Clôture de Wall Street : hésitations, la Chine freinerait l'accord commercial
Clôture de Wall Street : hésitations, la Chine freinerait l'accord commercial
Crédit photo © Reuters

(Boursier.com) — Après un début de séance en nette hausse, Wall Street a réduit ses gains, mardi en séance, avant de terminer en ordre dispersé, alors que des informations faisaient état de problèmes dans les négociations commerciales entre les Etats-Unis et la Chine. Ces craintes ont relégué au second plan l'effet positif des anticipations d'annonces accommodantes par la Fed, qui a démarré ce mardi une réunion de deux jours. Le dollar a continué de faiblir et le pétrole a marqué le pas ce mardi.

A la clôture, l'indice Dow Jones a cédé 0,10% à 25.887 points, après avoir gagné jusqu'à 0,75% en séance, franchissant les 26.100 points. L'indice large S&P 500 a fini quasi-stable (-0,01%) à 2.832 pts, tandis que le Nasdaq composite, riche en valeurs technologiques et biotechnologiques, a progressé de 0,12% à 7.723 pts. Le Nasdaq a été soutenu par les grandes "technos", dont Alphabet (+1,1%), Facebook (+0,7%), Amazon (+1,1%), Microsoft (+0,07%), ou encore Nvidia (+4%).

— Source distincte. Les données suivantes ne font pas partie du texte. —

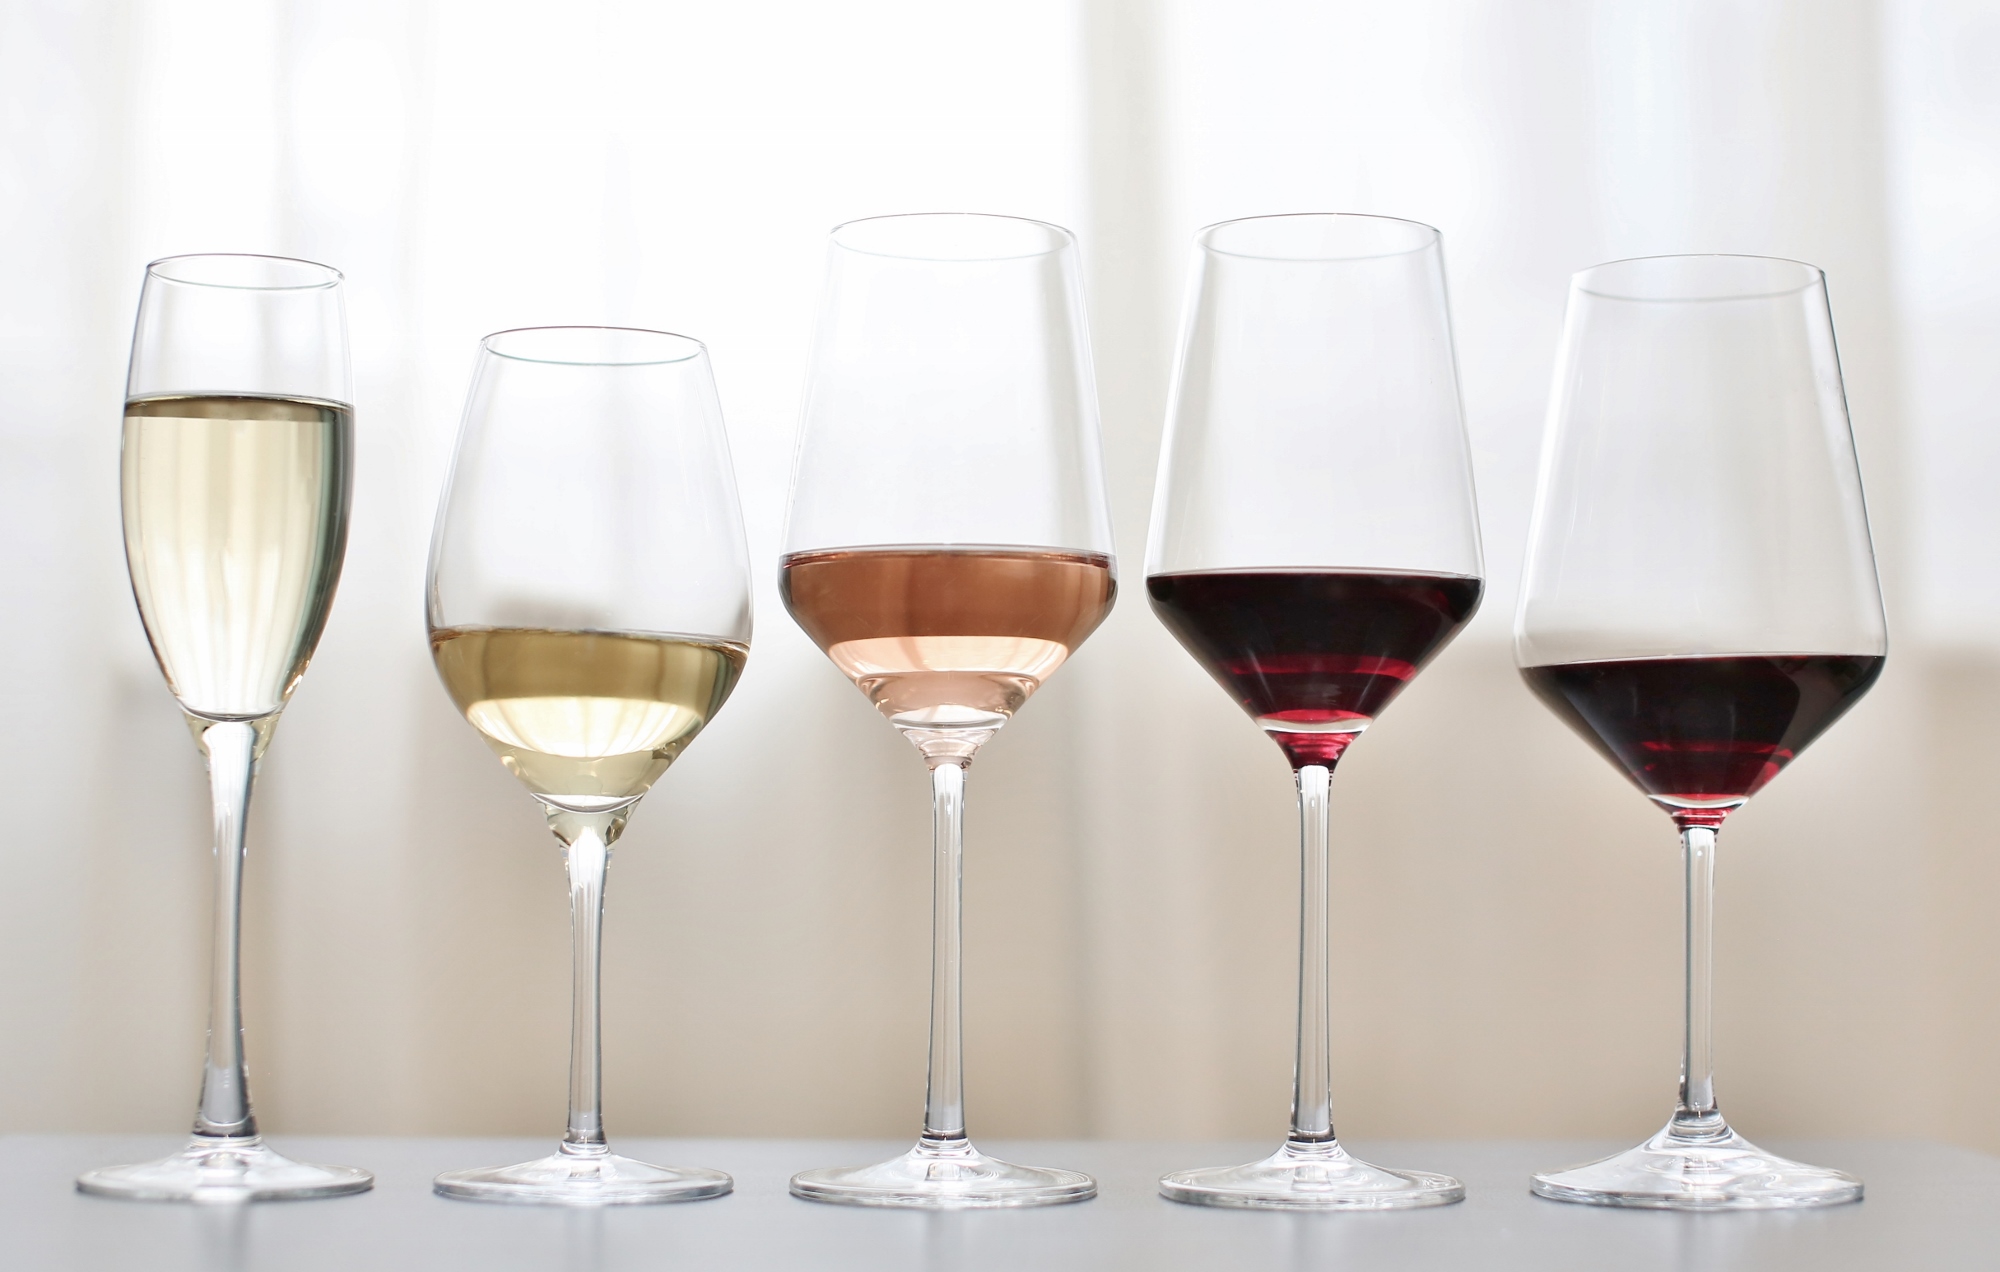 10 Types of Wine Glasses You Should Know About - 2020 ...

Sur le marché des changes, le dollar a reculé mardi avant les annonces de la Fed attendues mercredi. L'indice du dollar, qui mesure son évolution face à un panier de devises de référence, a cédé 0,15% à 96,38 points, tandis que l'euro a pris 0,17% à 1,1355$. Sur le marché obligataire, le rendement du T-Bond à 10 ans américain a avancé d'un point de base à 2,61%.

La Chine aurait fait marche arrière sur certains points

Selon des sources citées par l'agence 'Bloomberg', certains responsables américains s'inquiètent de voir la Chine faire marche arrière sur certaines concessions, faisant patiner les négociations en cours avec les Etats-Unis. Dans le même temps, le 'Wall Street Journal' se montrait plus optimiste, en indiquant que les parties étaient dans les "étapes finales' des pourparlers.

Les responsables chinois auraient modifié leur position au sujet du respect de la propriété intellectuelle parce qu'il n'ont pas reçu des assurances de la part de l'administration Trump que les droits de douane sur leurs exportations seront levés, selon deux sources ayant requis l'anonymat.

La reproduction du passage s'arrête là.